In addition, the cooling rate is determined at each water injection section from the time when the hot-rolled steel sheet after finish rolling passes through the non-water injection section to receive water cooling in the water injection section to the time when it is cooled on the ROT to the winding target temperature. It refers to the cooling capacity received from the cooling equipment, and does not indicate the average cooling rate from the water injection start point to the temperature taken up by the winder.

The winding temperature is 400 ° C or higher and 550 ° C or lower. This is a temperature lower than a general winding temperature, and is a condition that is not normally performed particularly when the C content is high. By winding the hot-rolled steel sheet manufactured under the above-described conditions in this temperature range, the structure of the steel sheet can be a bainite structure in which carbides are dispersed in fine ferrite.

When the coiling temperature is less than 400 ° C., the austenite that has not been transformed before winding is transformed into hard martensite, and when the hot-rolled steel sheet coil is discharged, cracks occur in the surface layer of the hot-rolled steel sheet, resulting in impact resistance. Sexuality decreases.

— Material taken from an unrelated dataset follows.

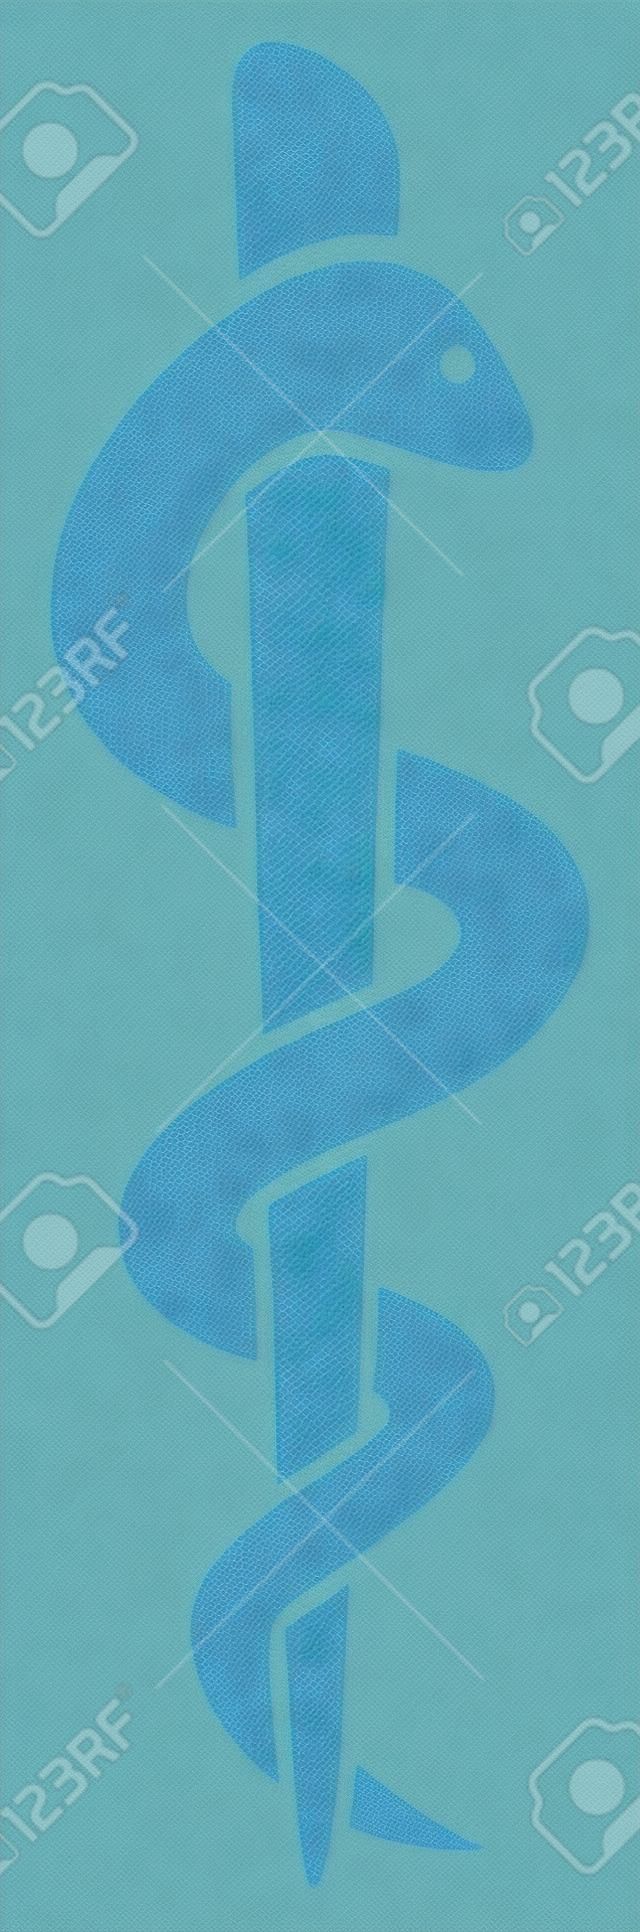 medical symbol caduceus snake with stick  emblem for drugstore or medicine, blue medical sign, symbol of pharmacy, pharmacy snake symbol

Furthermore, since the recrystallization driving force is small during recrystallization from austenite to ferrite, the orientation of the recrystallized ferrite grains is strongly influenced by the orientation of the austenite grains, making it difficult to randomize the texture. Therefore, the winding temperature is 400 ° C. or higher. Preferably it is 430 degreeC or more.

When the coiling temperature exceeds 550 ° C., pearlite with large lamella spacing is generated, and thick needle-like carbides with high thermal stability are generated. This acicular carbide remains even after two-stage annealing. At the time of forming such as cold forging of a steel plate, a crack is generated starting from this acicular carbide.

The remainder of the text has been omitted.